"Hot" function optimization recommendations

kugel@xxxxxxxxxxx (Thomas Martitz) · Fri, 05 Apr 2013 09:41:54 +0200

Am 05.04.2013 01:08, schrieb Justin Chudgar:
> I had experimentally thrown an optimization into my module's only significantly
> warm functions. Since I am a novice, this was a just-for-kicks experiment, but
> I would like to know whether to optimize at all beyond the general "-O2", and
> what platforms are critical to consider since I only use pulse on systems that
> are sufficient to run at "-O0" without noticeable problems beyond unnecessary
> power consumption.
>
>  From another thread:
>
>> I'm not sure what to think about the __attribute__((optimize(3))) usage.
>> Have you done some benchmarking that shows that the speedup is
>> significant compared to the normal -O2? If yes, I guess we can keep
>> them. <tanuk>
> I don't know what to think of them either.
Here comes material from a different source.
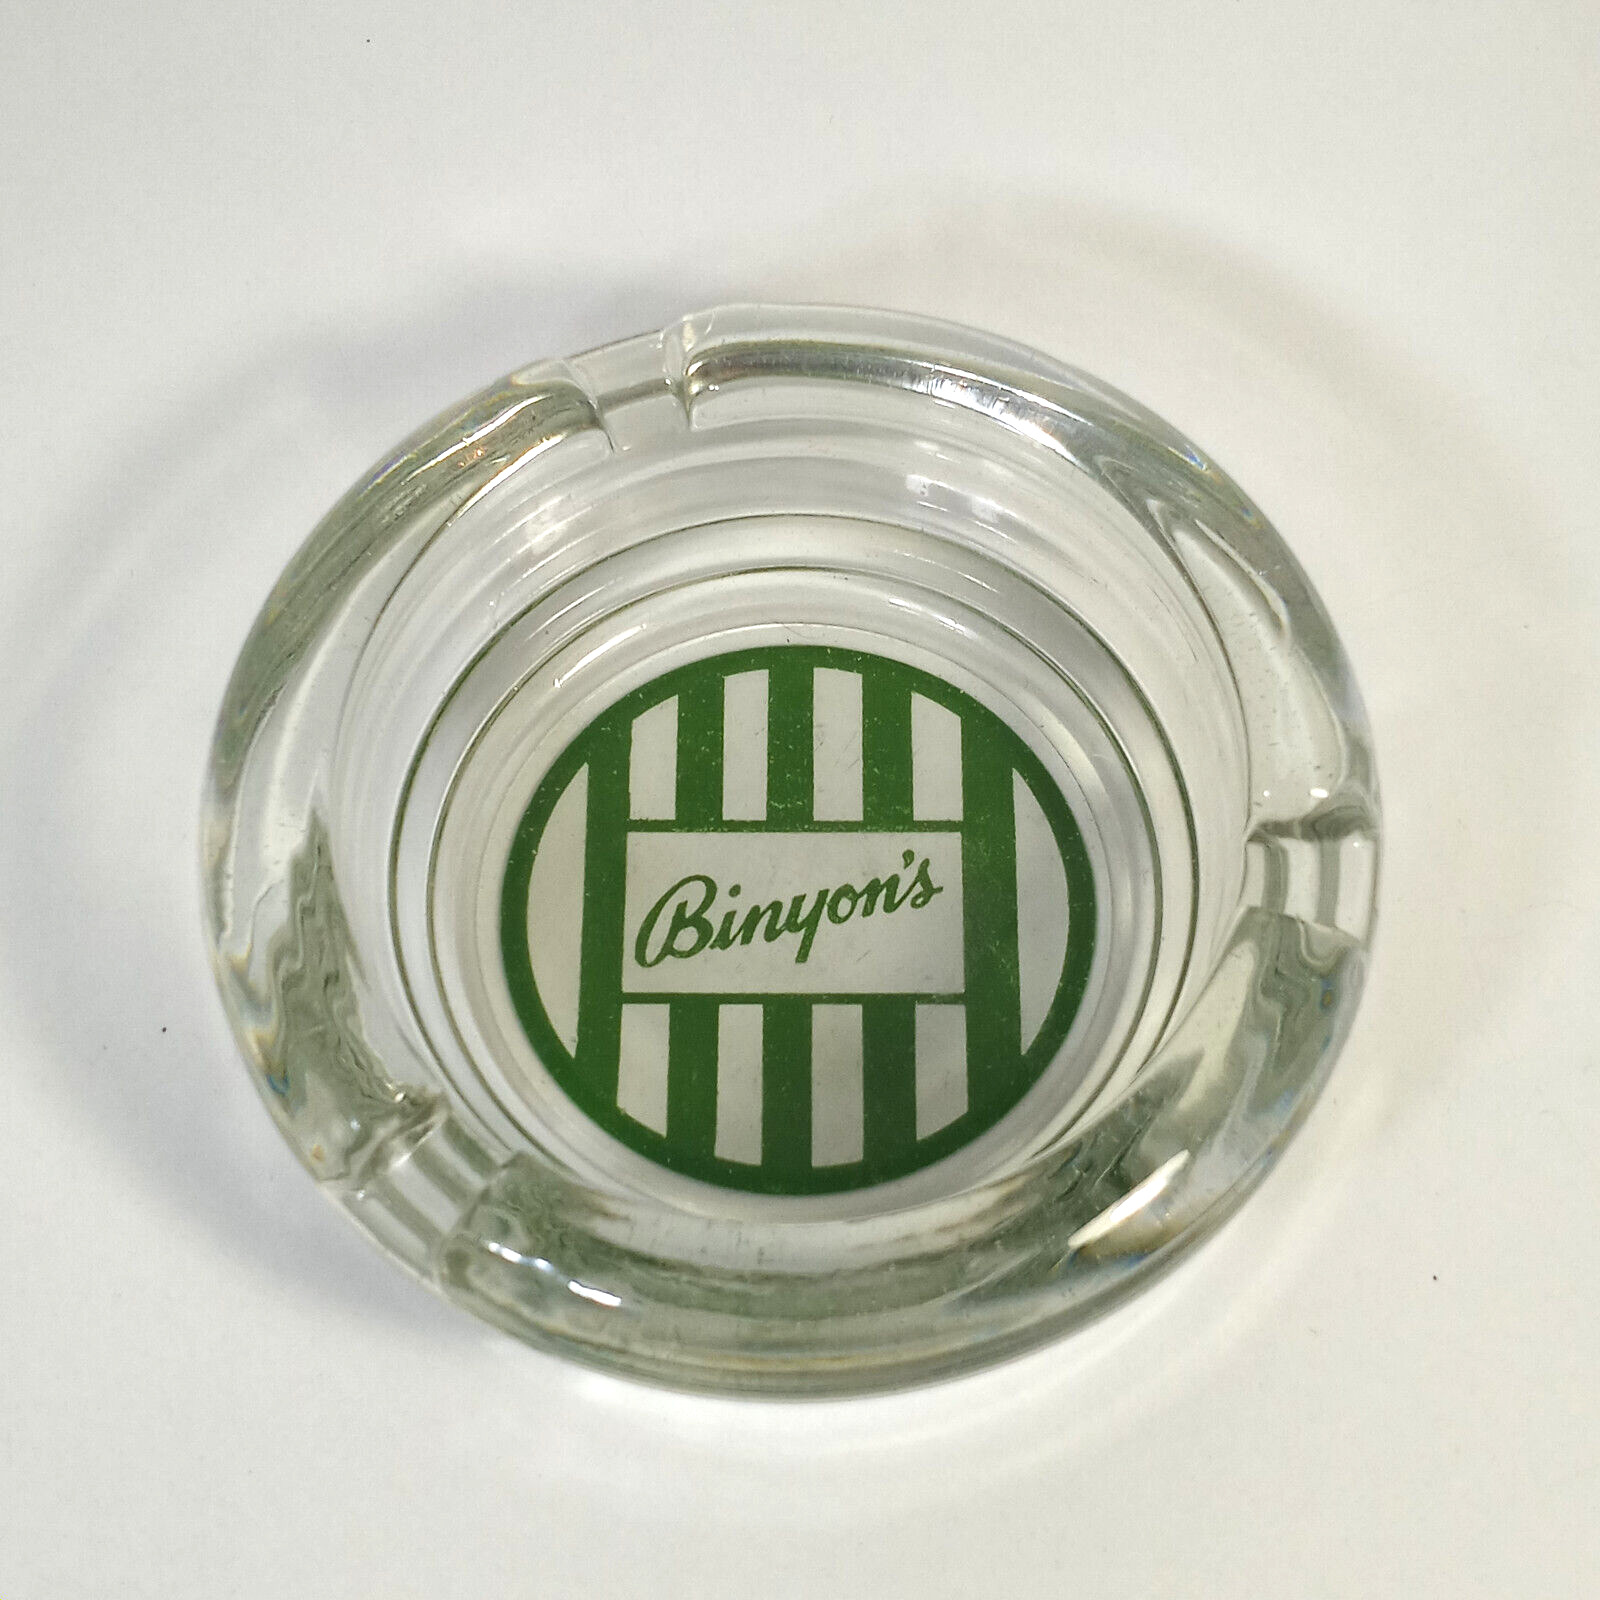 Vintage Binion\'s Clear Round Ashtray The One not in the gift Shops.

I did a really simplist benchmark
> with the algorithm on my core i3 laptop initially to determine if it was
> useful to keep everything double or float. There was no benefit to reducing
> presicion on this one system, but that attribute was dramatic. Did not try O2,
> though, just 03 and O0. I thought about messing with vectorization, but I only
> have x86-64 PCs and that seems most valuable for embedded devices which I
> cannot test at the moment.
>

*Any* optimization level is a *massive* speedup against -O0. -O0 means 
that all optimizations are disabled, including even basic stuff like 
putting variables into CPU registers. The generated asm by -O0 is 
probably 2-3x as large as on other levels.

Comparing -O0 to anything is not useful, use it only for debugging. For 
useful comparisons compare -O{,s,1,2,3}.

Best regards.